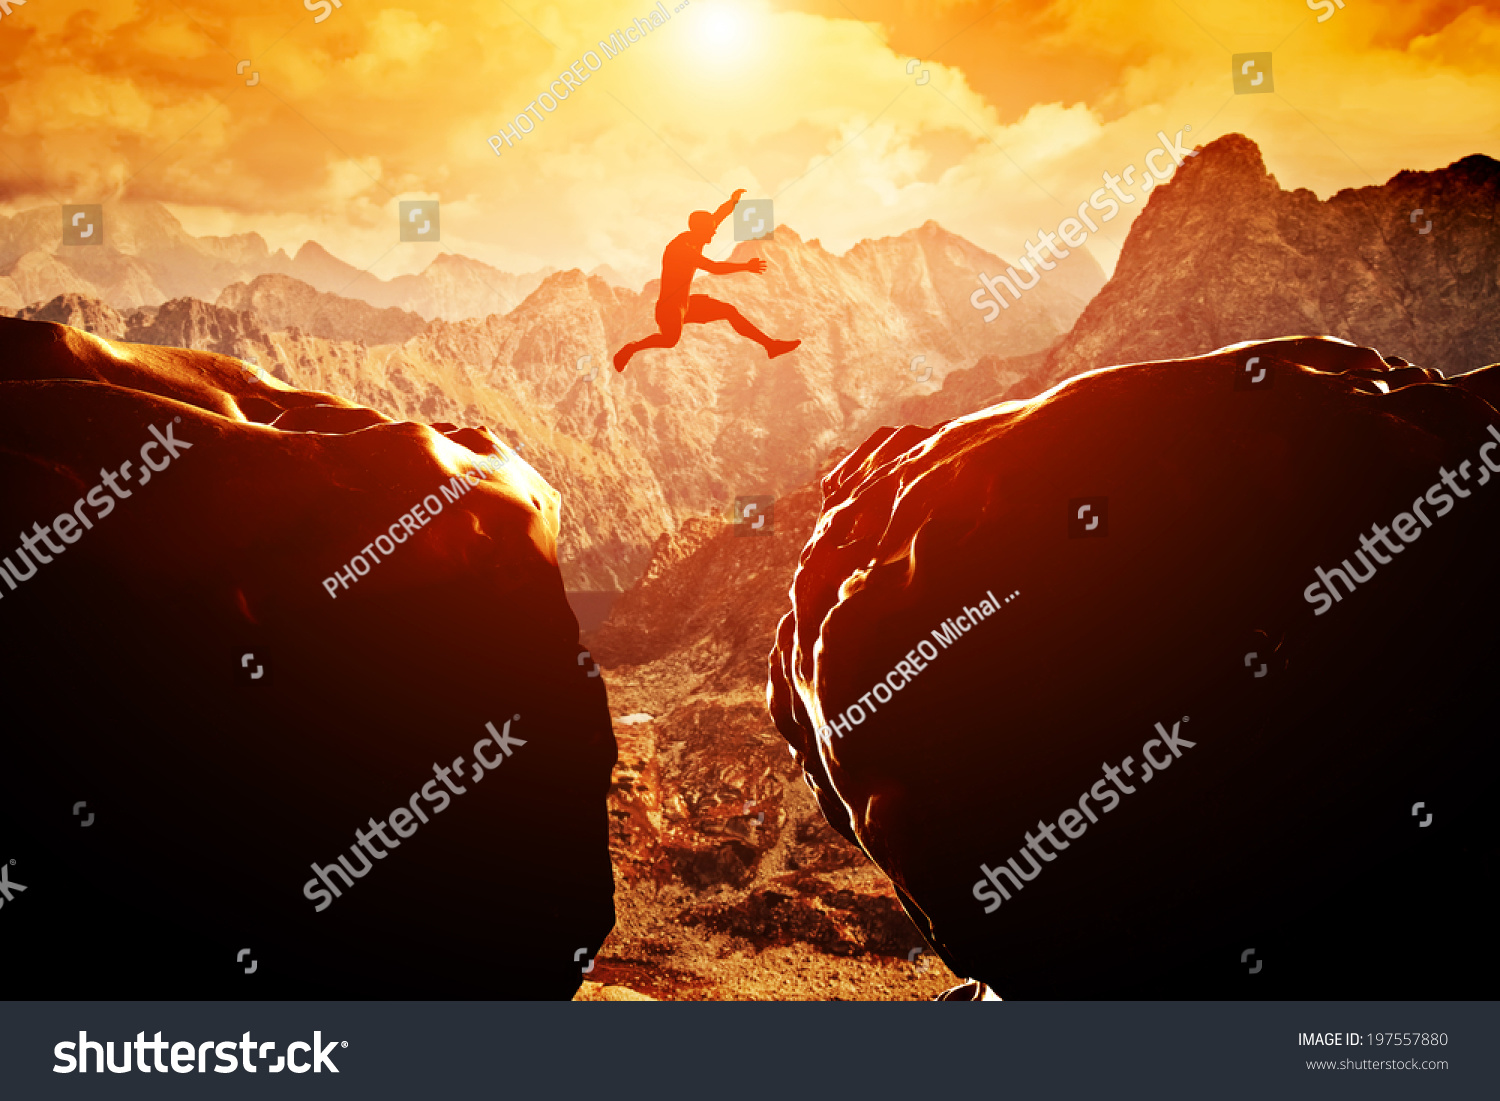 Man jumping over precipice between two rocky mountains at sunset. Freedom, risk, challenge, success. #197557880
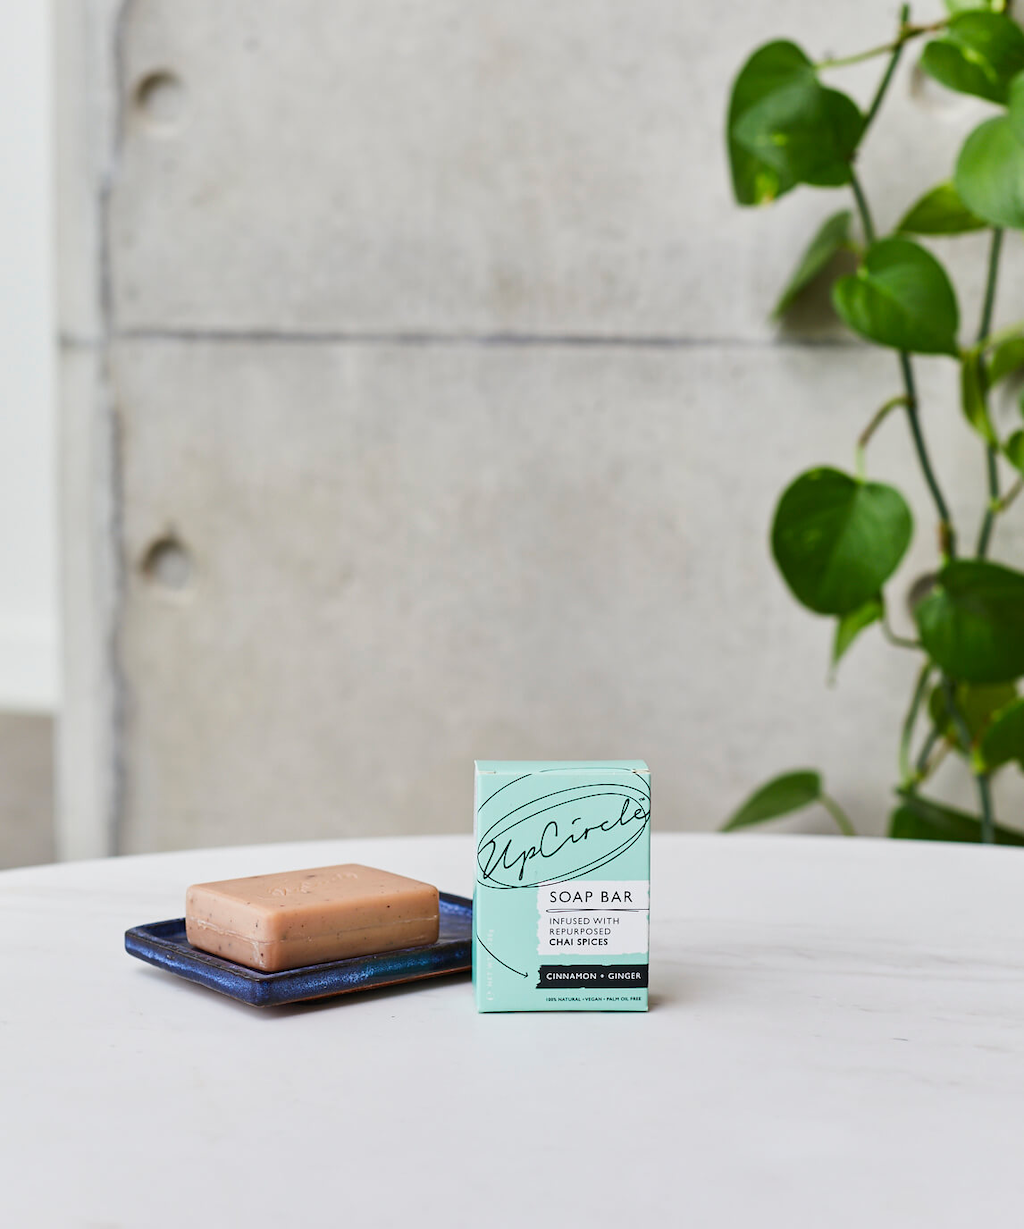 UpCircle Cleansing Soap Bar with Cinnamon and Ginger. Certified organic soap. The pink soap bar is sitting on a dark blue ceramic soap dish next to its green branded box on a white table with a concrete wall in the background.
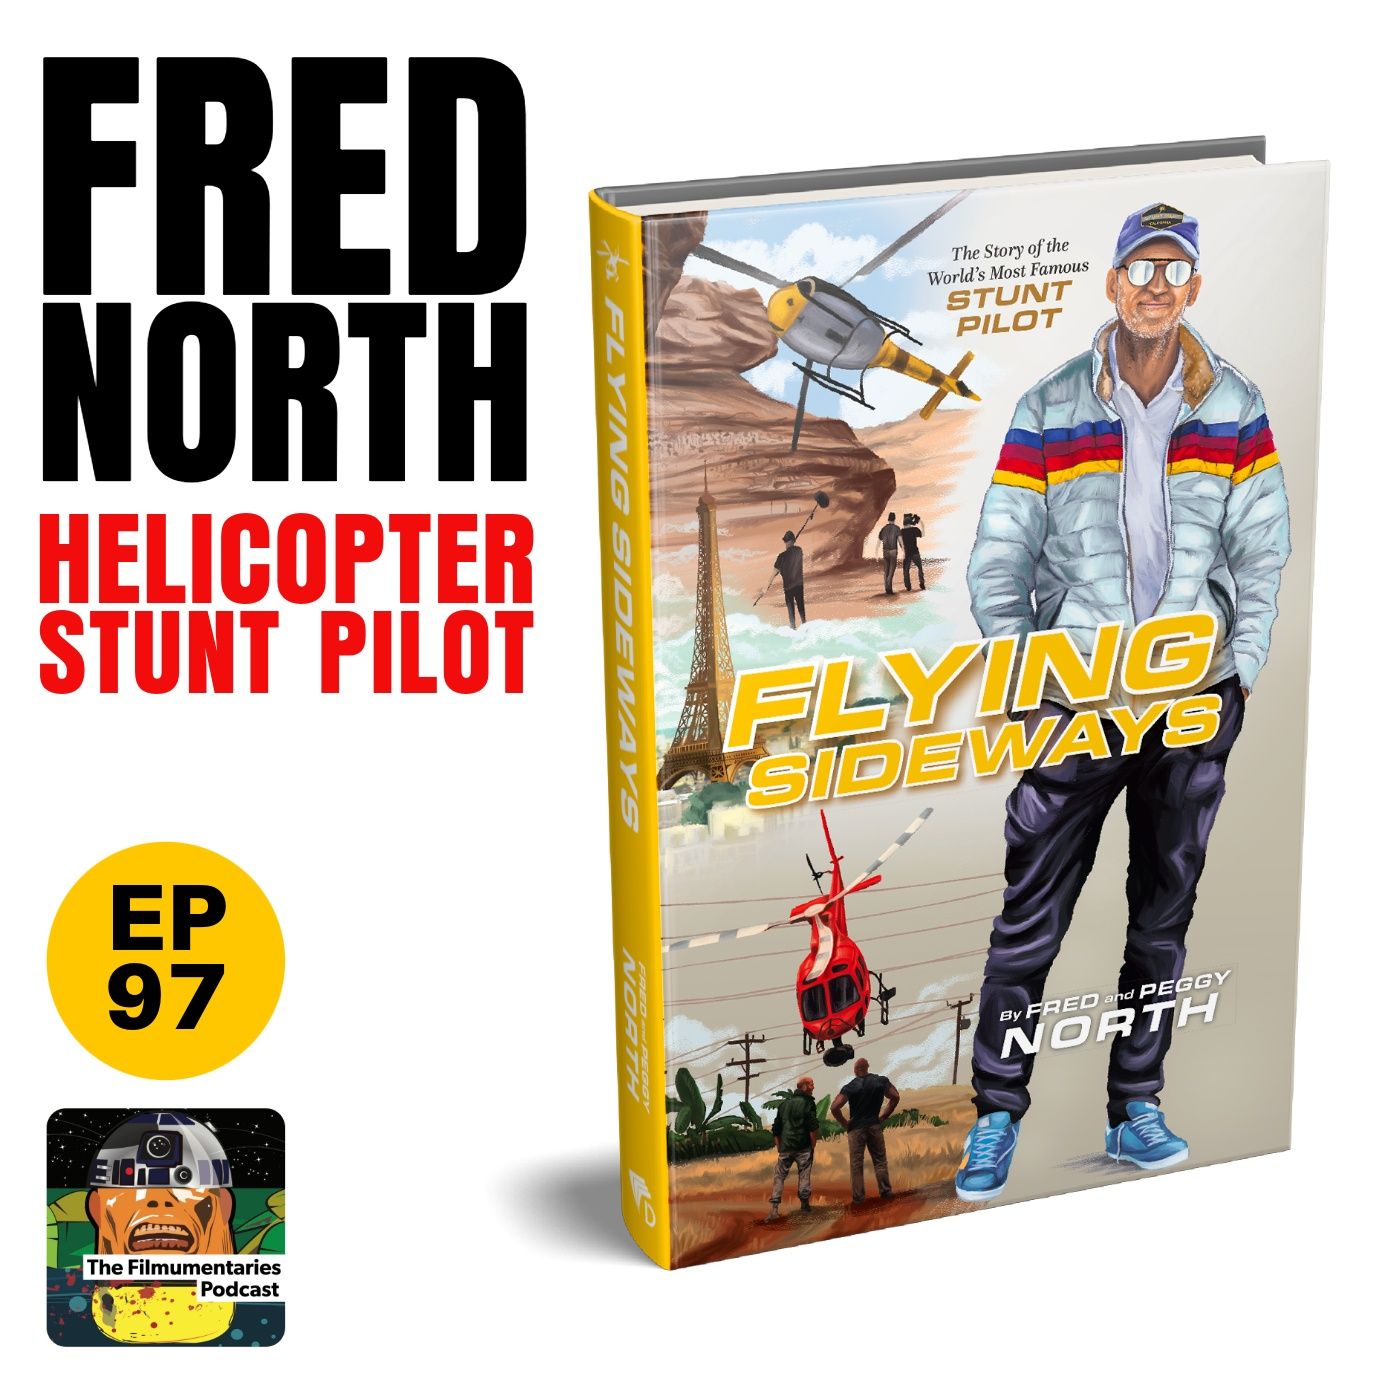 97 - Fred North - Helicopter Stunt Pilot - "Flying Sideways"
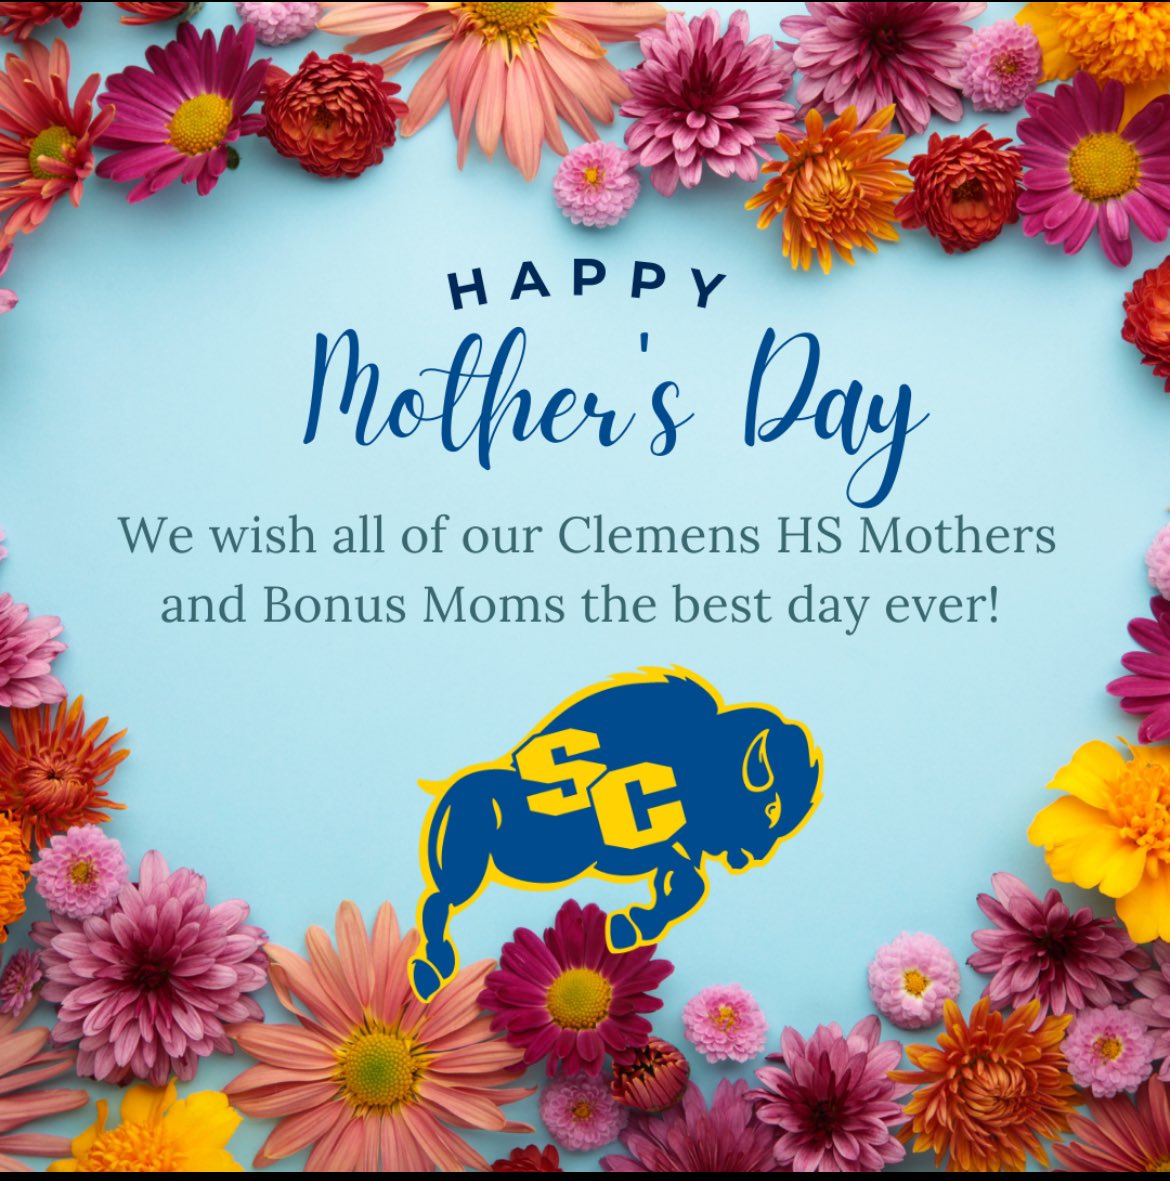 We hope all of our Clemens HS Moms and Bonus Moms have the best Mother’s Day ever!! 🌹🌸🌻🌷🌼💐 @SCUCISD @scbuffalostrong @MightyBuffBand @TX82ndAFJROTC @ClemensASBC @MsASirizzotti

Assignment> Reproduce the data above verbatim, minus any images.

Reply>
 Man jumping over precipice between two rocky mountains at sunset. Freedom, risk, challenge, success. #197557880
 UpCircle Cleansing Soap Bar with Cinnamon and Ginger. Certified organic soap. The pink soap bar is sitting on a dark blue ceramic soap dish next to its green branded box on a white table with a concrete wall in the background.
 97 - Fred North - Helicopter Stunt Pilot - "Flying Sideways"
 We hope all of our Clemens HS Moms and Bonus Moms have the best Mother’s Day ever!! 🌹🌸🌻🌷🌼💐 @SCUCISD @scbuffalostrong @MightyBuffBand @TX82ndAFJROTC @ClemensASBC @MsASirizzotti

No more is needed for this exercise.